In Airflow's architecture, executors determine how tasks within DAGs are executed. Airflow support many type of executor, for example, the SequentialExecutor, This is the default executor, it executes tasks sequentially, used mainly for testing or local development, the LocalExecutor runs tasks in parallel on a single machine but lacks distribution across multiple nodes, KubernetesExecutor and CeleryExecutor...

Setting Up Celery Executor

For production environments, CeleryExecutor or KubernetesExecutor are commonly chosen due to their ability to handle distributed, parallel task execution across multiple workers or containers. In the next section, we will see how to use celery as executor. Check out this course if you want to learn how to create workflows using celery.

Celery is one of the most popular executors for Airflow and is particularly useful for scaling workflows across multiple machines.
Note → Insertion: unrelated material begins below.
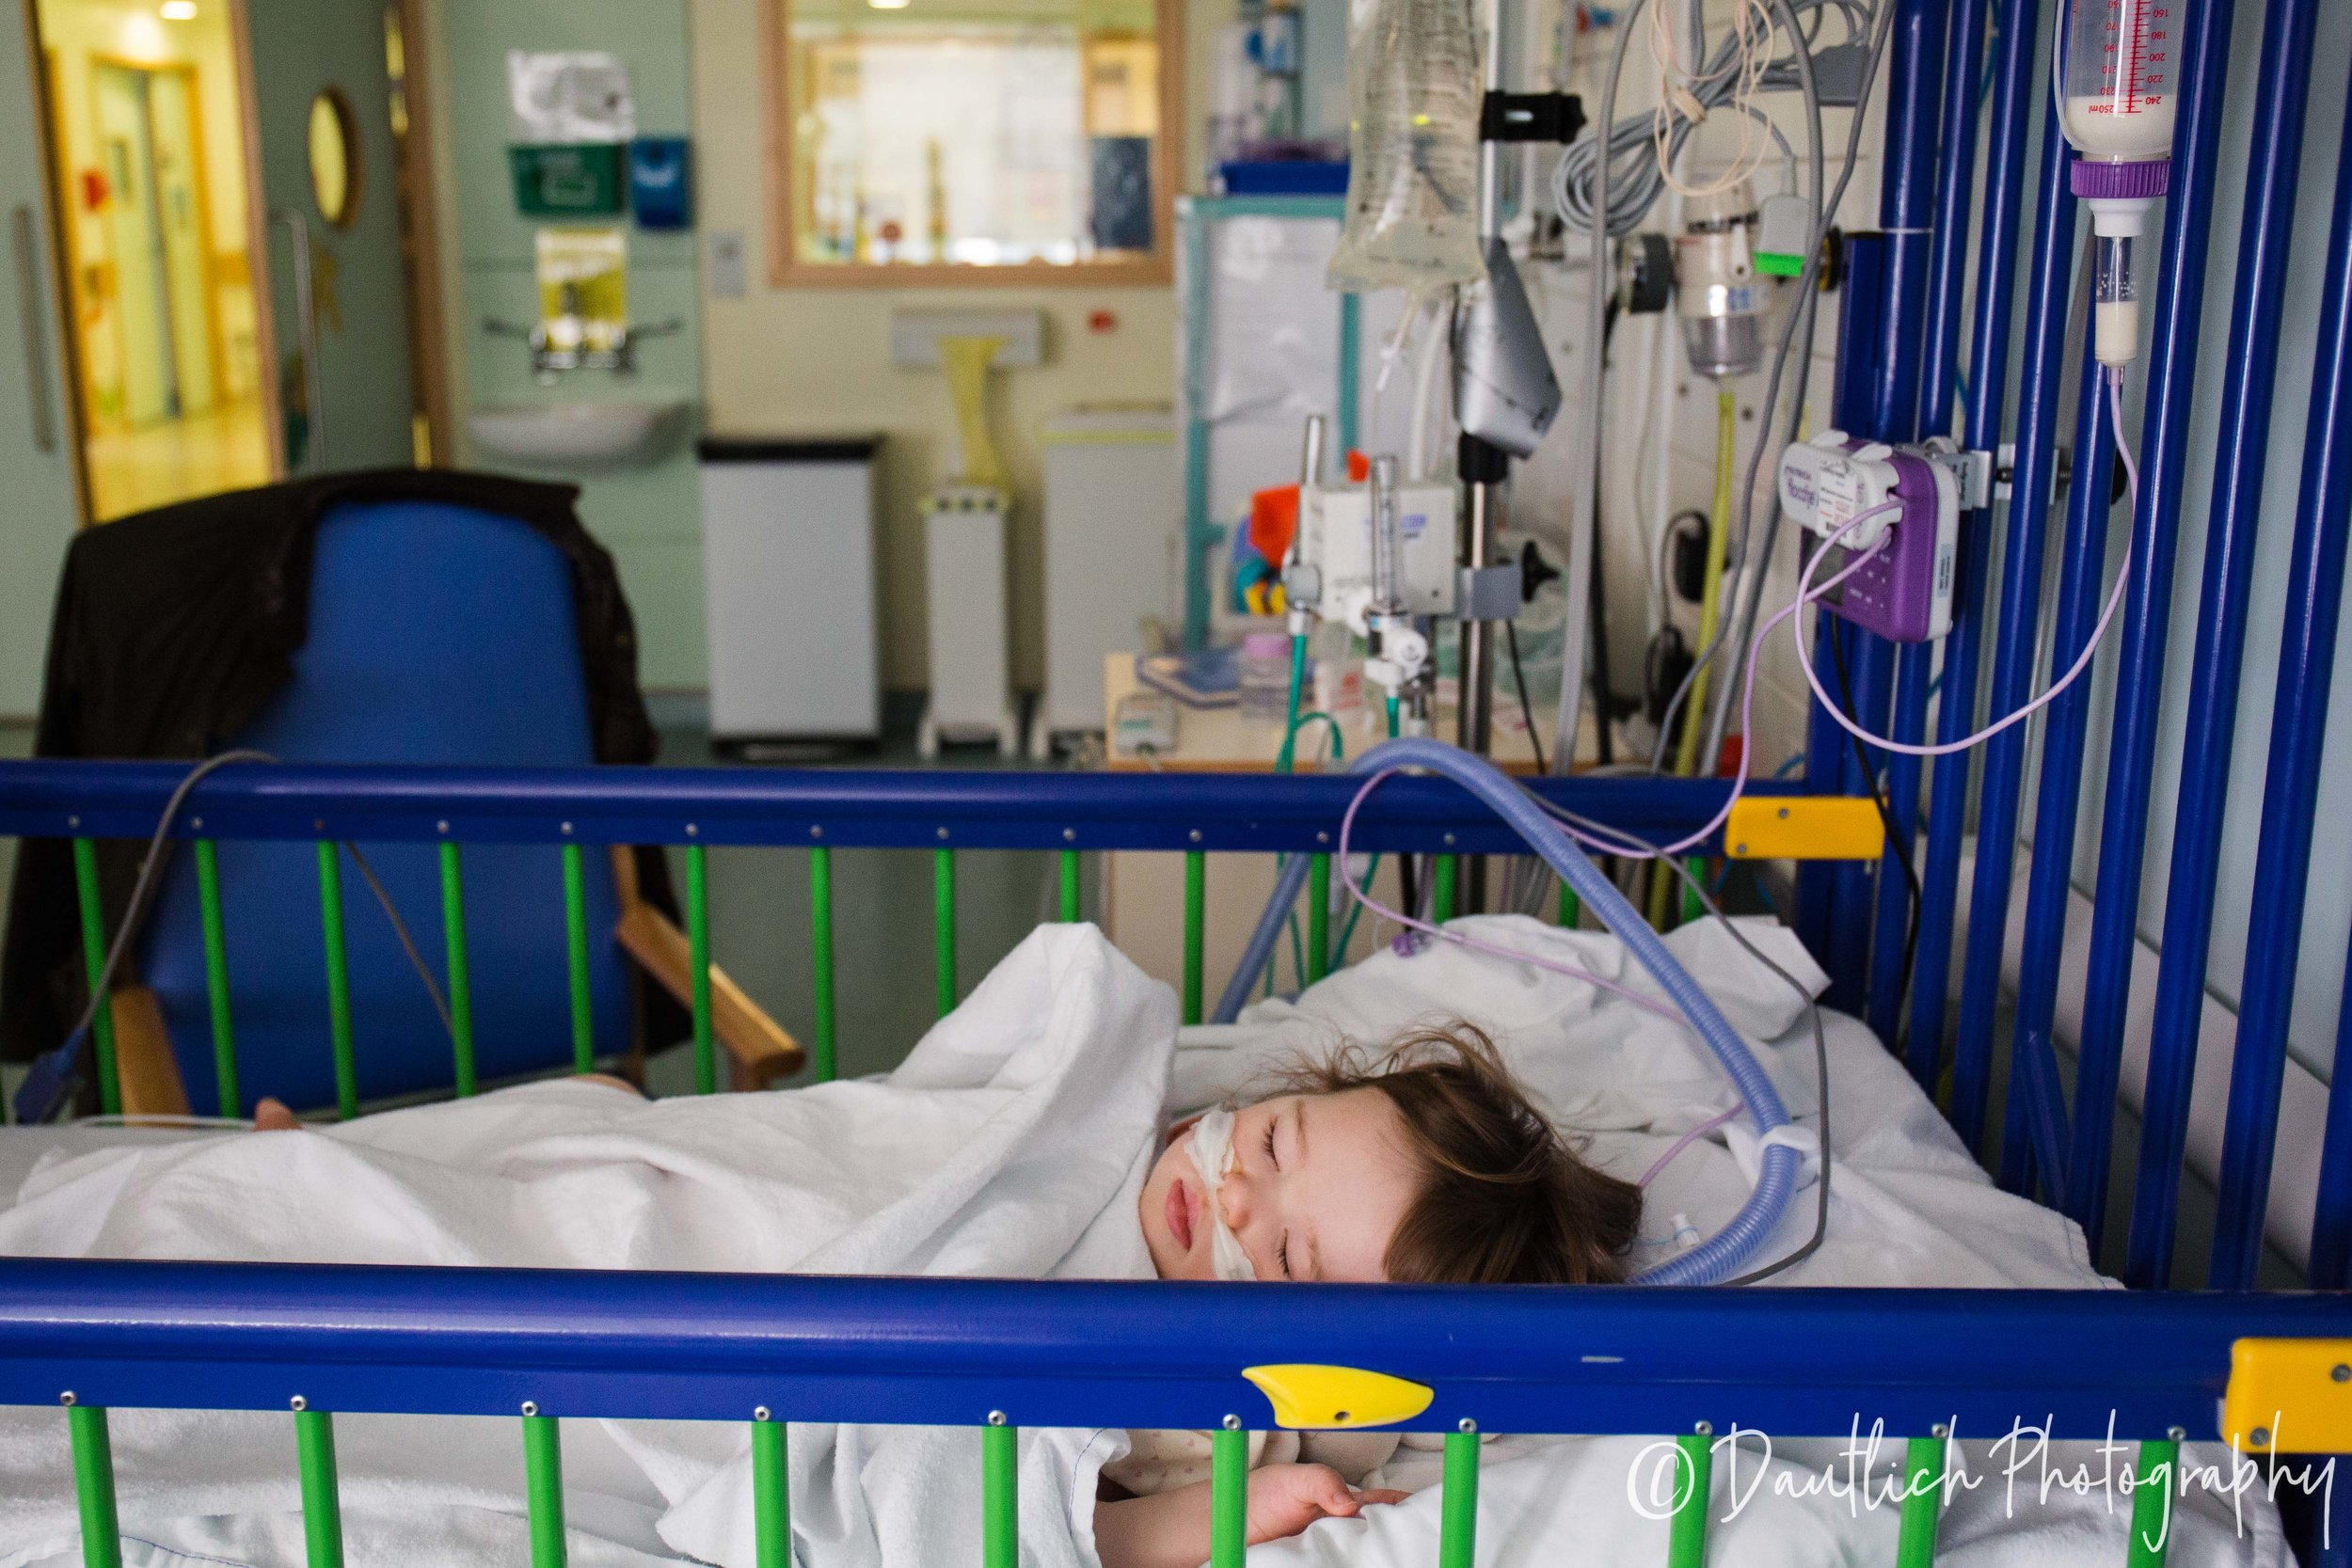 Holding Ben in hospital bed

This executor allow to run multiple tasks in parallel across a distributed system and simplify the scalability by adding more workers.

To use CeleryExecutor, configure it in your `airflow.cfg` file, as follow:

1
2[core]
3executor = CeleryExecutor
4[celery]
5broker_url = redis://localhost:6379/0 # or RabbitMQ, e.g., amqp://localhost
6result_backend = db+postgresql://user:password@localhost/airflow # Task results storage
7

Build your own executor

The best thing about Airflow is that it's highly extensively, The core functionality of Airflow (such as authentication) can also be extended to leverage external services. Executors are the mechanism by which task instances get run. There are several executor implementations built-in Airflow, each with their own unique characteristics and capabilities.
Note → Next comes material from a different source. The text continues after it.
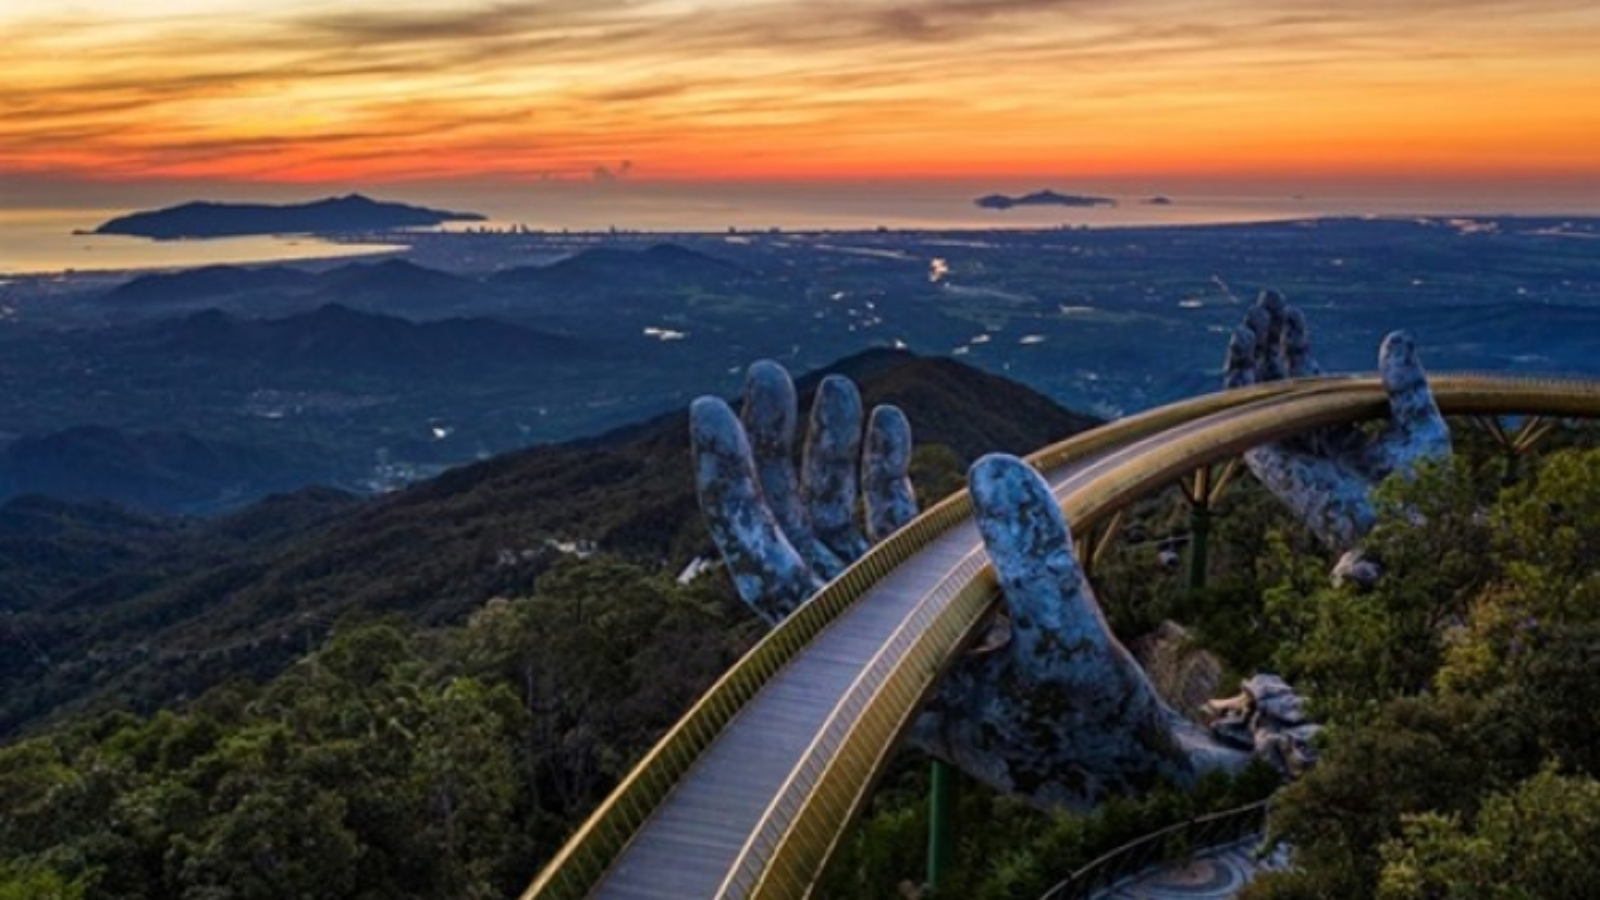 International awards boost Vietnam's tourism brand

If you have a private tool/service for task execution that is only available to you or your organization. You may consider Building your own executor. All Airflow executors implement a common interface so that they are pluggable and any executor has access to all abilities and integrations within Airflow. The Airflow scheduler uses this interface to interact with the executor. The public interface is the BaseExecutor. For more information about Airflow's public interface see Public Interface of Airflow https://airflow.apache.org/docs/apache-airflow/stable/core-concepts/executor/index.html

Wrap Up

Apache Airflow is a powerful tool for managing workflows, especially in data engineering. With Airflow, you can automate and monitor pipelines with ease, improving the efficiency and reliability of your workflows. By following this guide, you should have a solid understanding of the basics of Airflow and how to get started with building and managing DAGs.
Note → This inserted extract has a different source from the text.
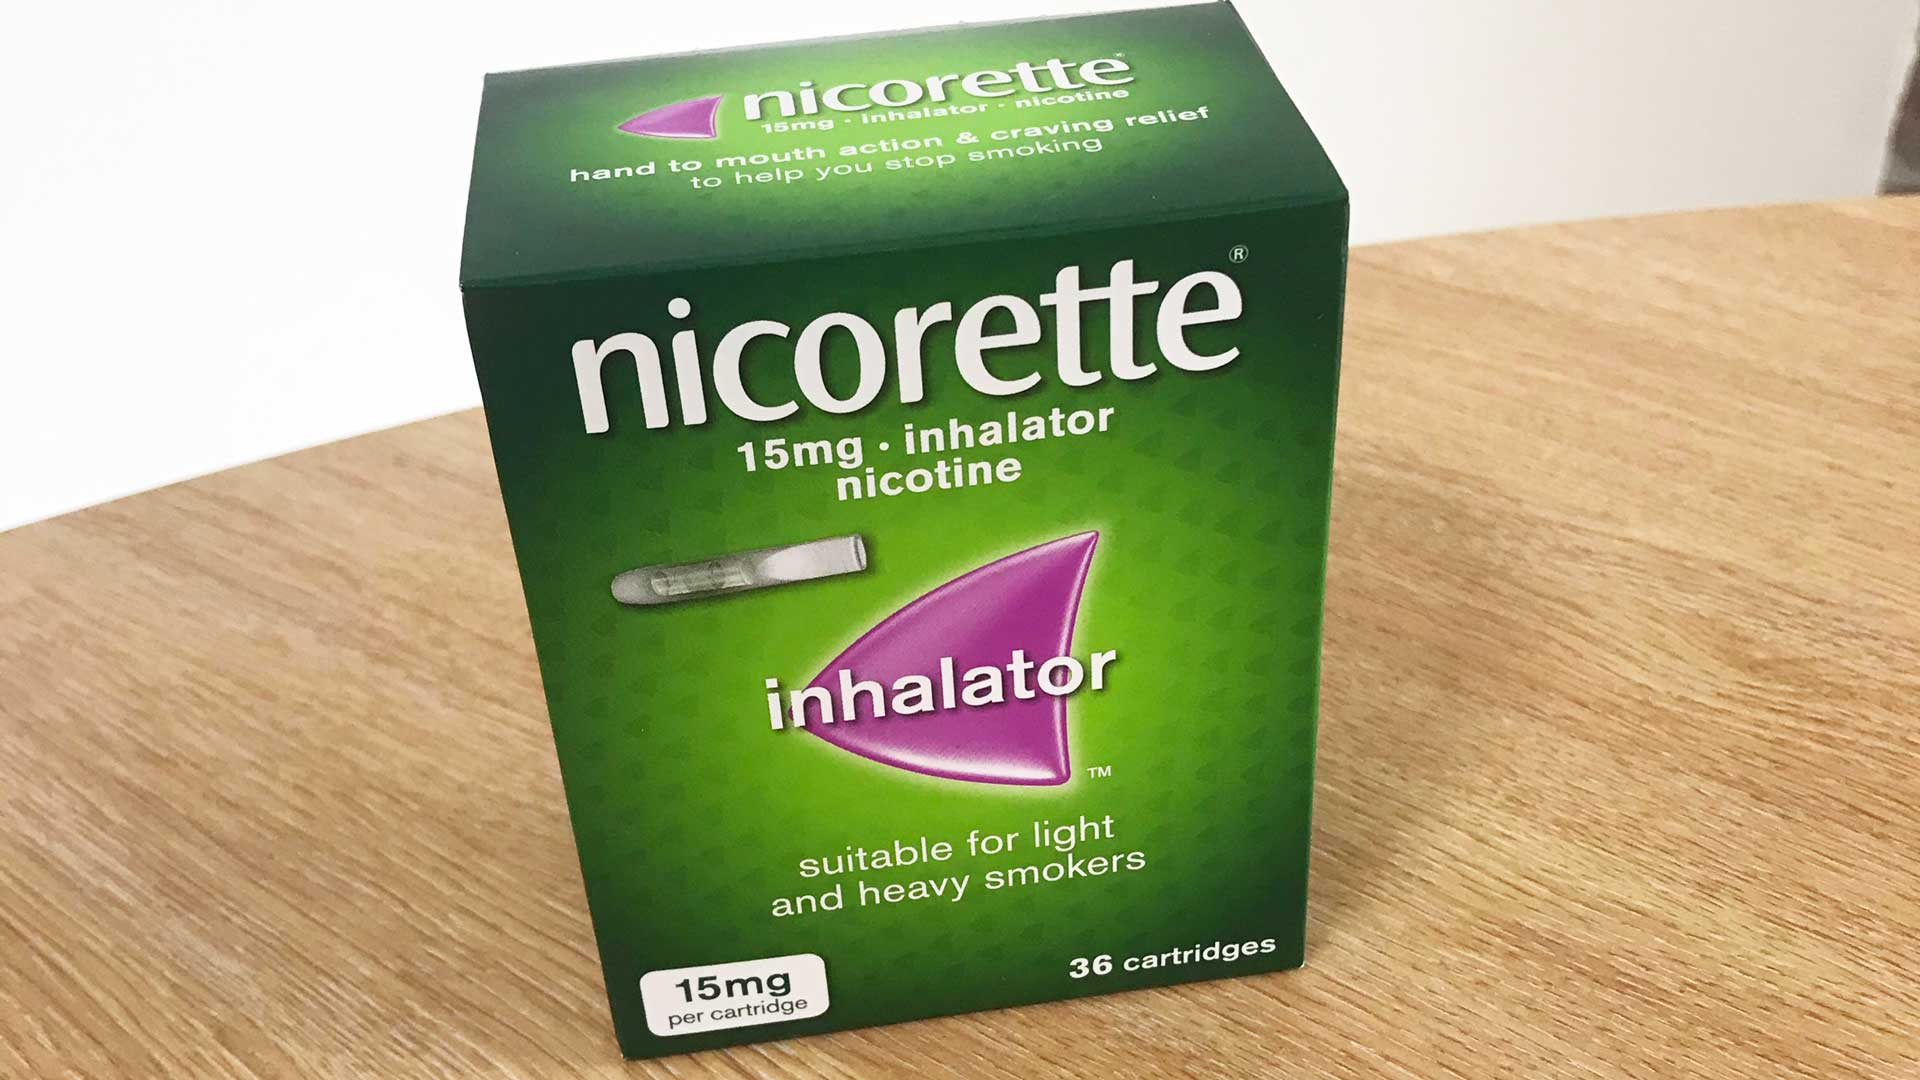 Photo of a nicorette inhalator

In this article, we covered:

  • Airflow's core concepts
  • How to create and run a DAG
  • Advanced concepts, including branching and XCom

With this knowledge, you can start leveraging Apache Airflow to automate complex data pipelines and workflows. While building your Workflow using Airflow, you should consider the following best practices:

  • Organize code into reusable components, especially when tasks share similar logic. This makes debugging easier and reduces redundant code.
  • Tasks should be idempotent they should produce the same result if run multiple times. This is particularly important if tasks need to be retried due to failures.
  • Set retries and use `try-except` blocks within tasks to handle errors gracefully. Additionally, configure alerts for failed DAG runs.